You can see were this all can tip off my inner O.C.D.  How it can make my skin crawl to put it away folded in a manner that isn't up to my O.C.D ways.  I know that it is unreasonable and so 99.9% of the time I take a few deep breaths and put it all away with my eyes closed!  Sometimes I can't.  Like last time the socks where done.  First.  Knitted socks....hand knit socks....no no no....do not fold them into a one another.....the thought of stretching all those beautiful hand knit stitches is just criminal.  You lay them together and just fold in half.....no stretching.  Do yo see the stretched pair on top?  No no no!


And well socks.....big balls of socks take up too much space.  They are also not orderly.  It is clear in my mind.....don't you see it?  Or am I clearly the craziest woman in the world of folded laundry?

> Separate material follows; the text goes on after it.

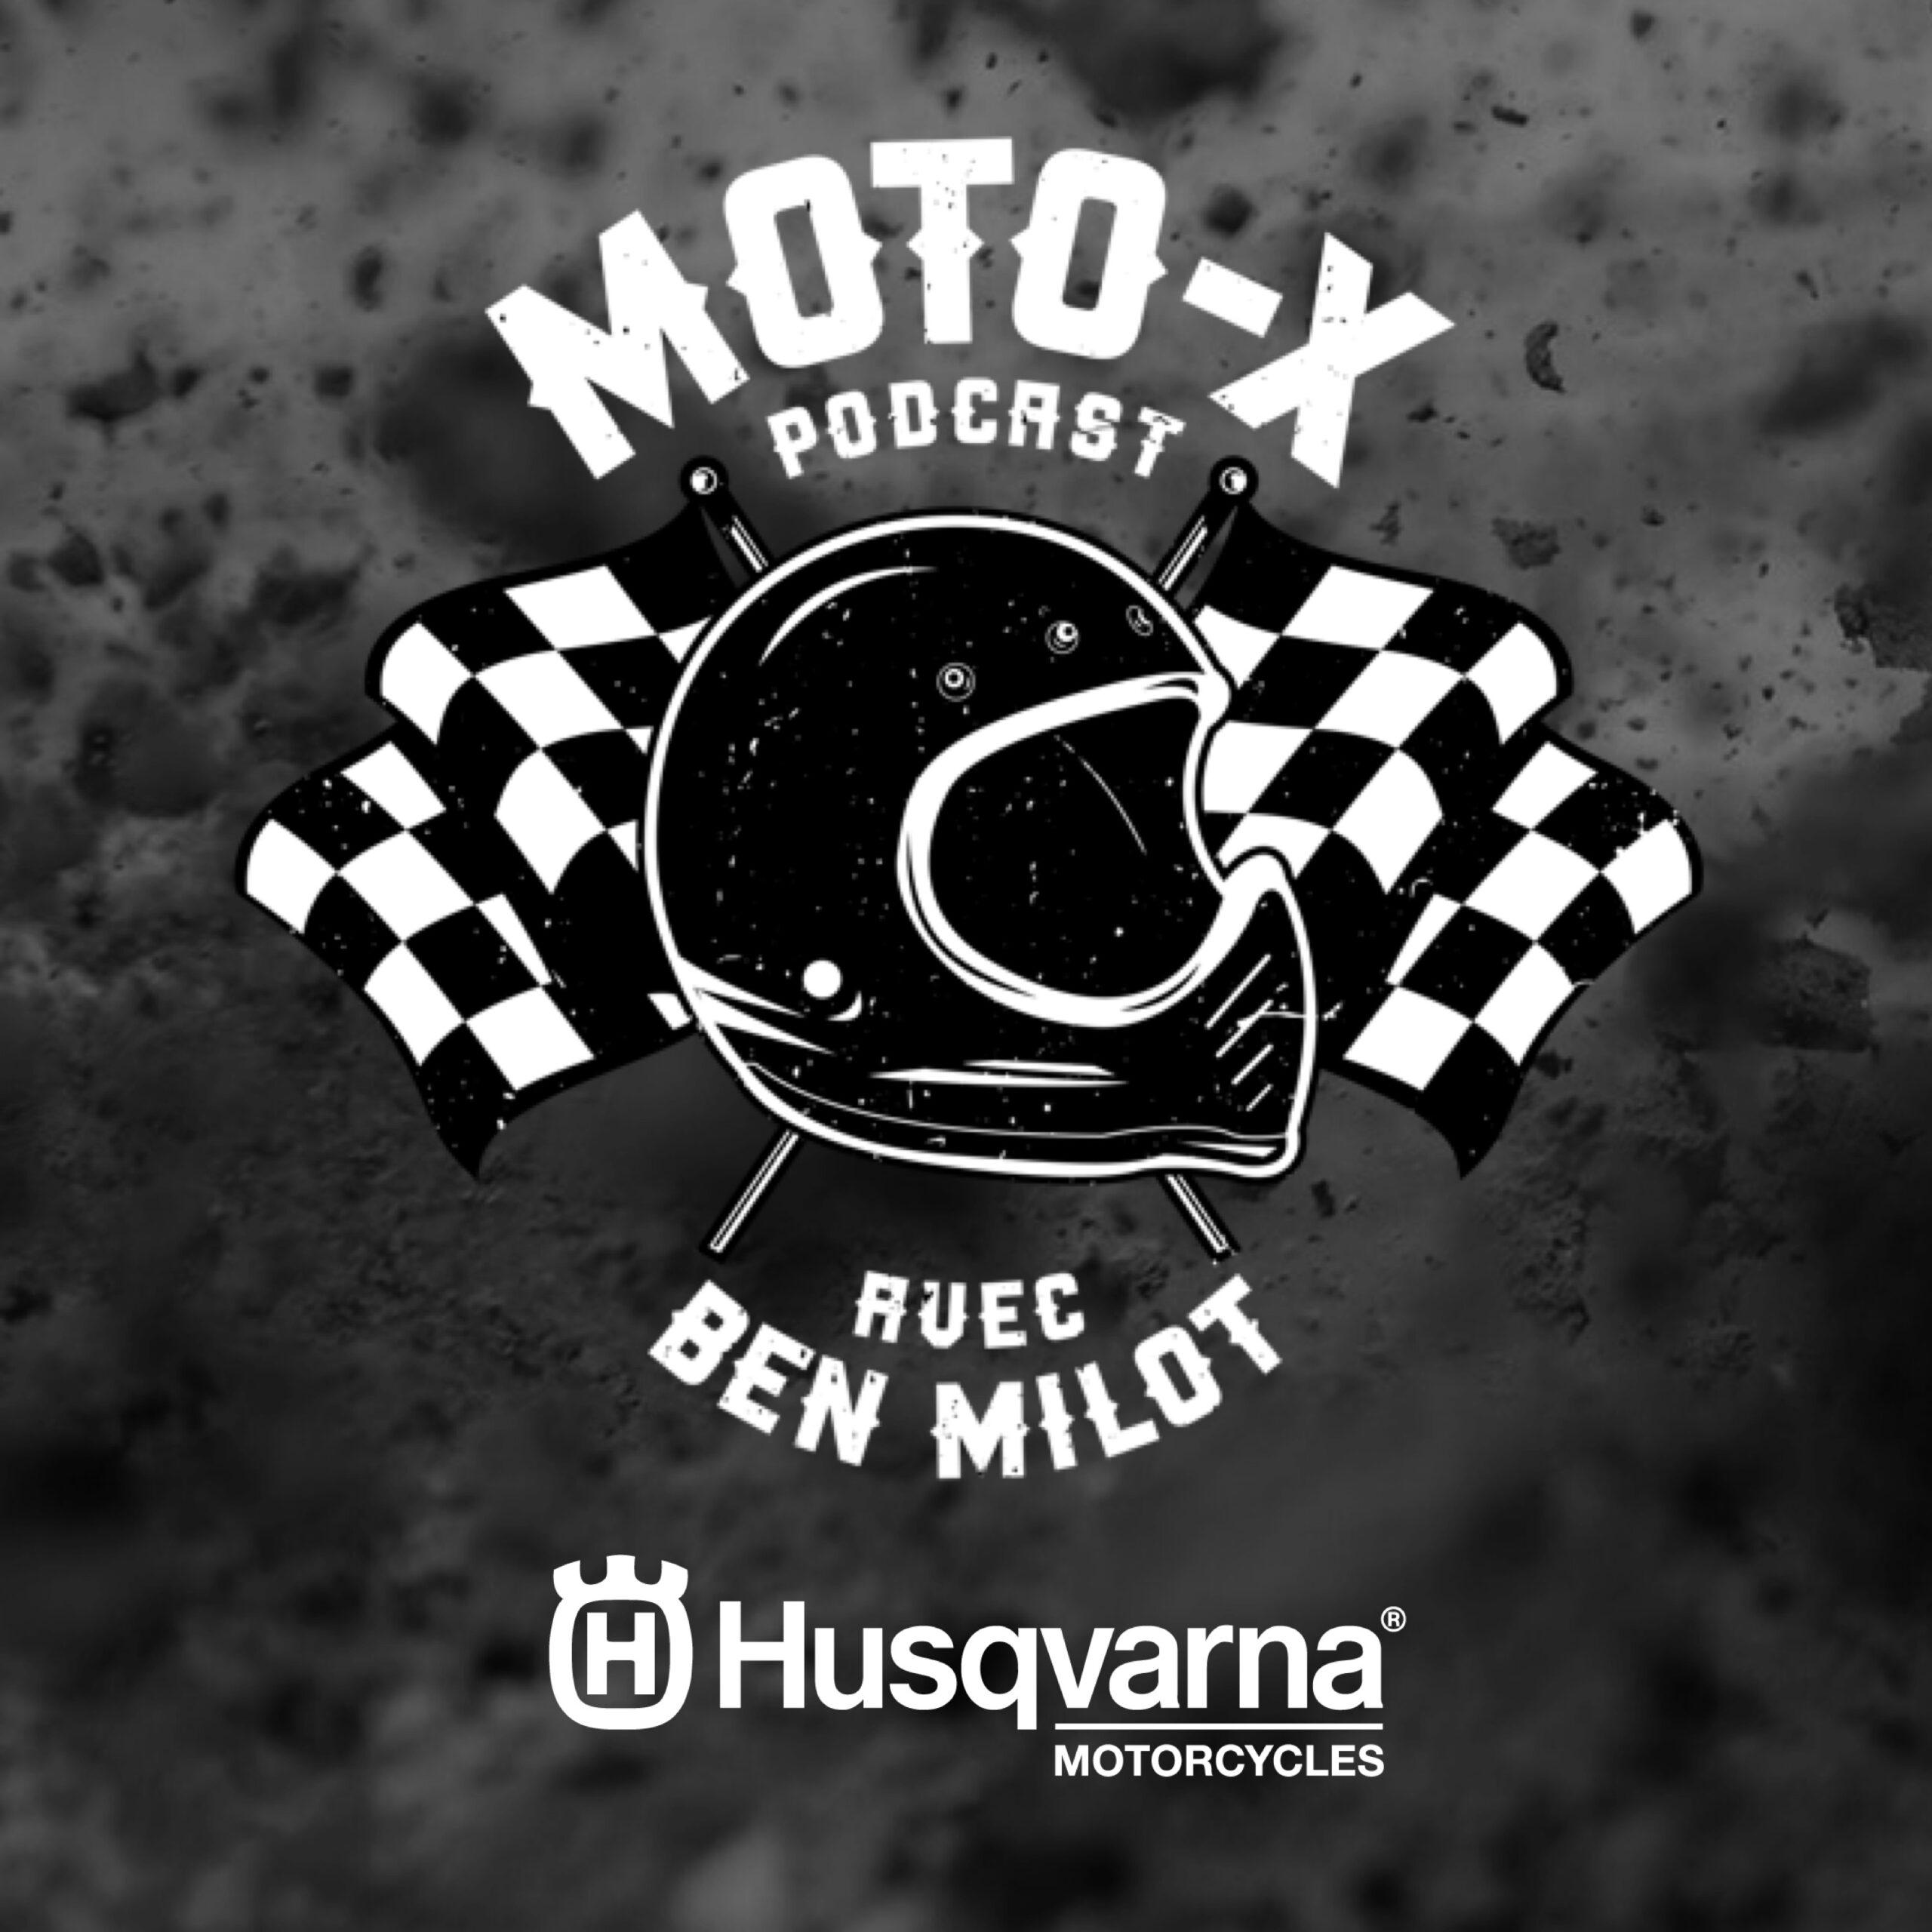 Moto-X Podcast avec Ben Milot

Bless this one workers heart that we had last schedule but if I heard her tell me one more time their was extra sock I was gonna combust.  I know I have extra socks.  The extra socks came out of my vagina with the babies I birthed......along with clutter.  It all comes out with the babies.  Vagina's are bad. 

 
 
That all said I appreciate having the laundry folded  It is a huge help without a doubt.  It isn't easy having to open your home to personal support workers.  I am sure for these workers it is tough too.  Coming into so many different homes.   
 
These are things you are forced into when special needs comes into your life.  I had to make a phone call the other day that was very tough and I guess I did not realize until I made it how tough it was going to be.  I called to begin the process of getting out of home respite in place for Shelby.  My mom said how this is something many other people do not have to even entertain but for a mom whose child has special needs it is inevitable.  Like having the workers come into the home...I would be lost without that ten hours a week that these ladies come and help.  It is about adapting....adapting to unknowns and looking at the up side of things.  Dwelling on the down side isn't an option if you don't want to end up wallowing in self pity.  The respite is a hard choice but needed for a variety of reasons.  Thankfully Shelby seems receptive.  It makes me feel like a bad mom though....like I am abandoning her.  In the end I know it will work out and everyone will adapt.....just like I have adapted to the laundry being folded different.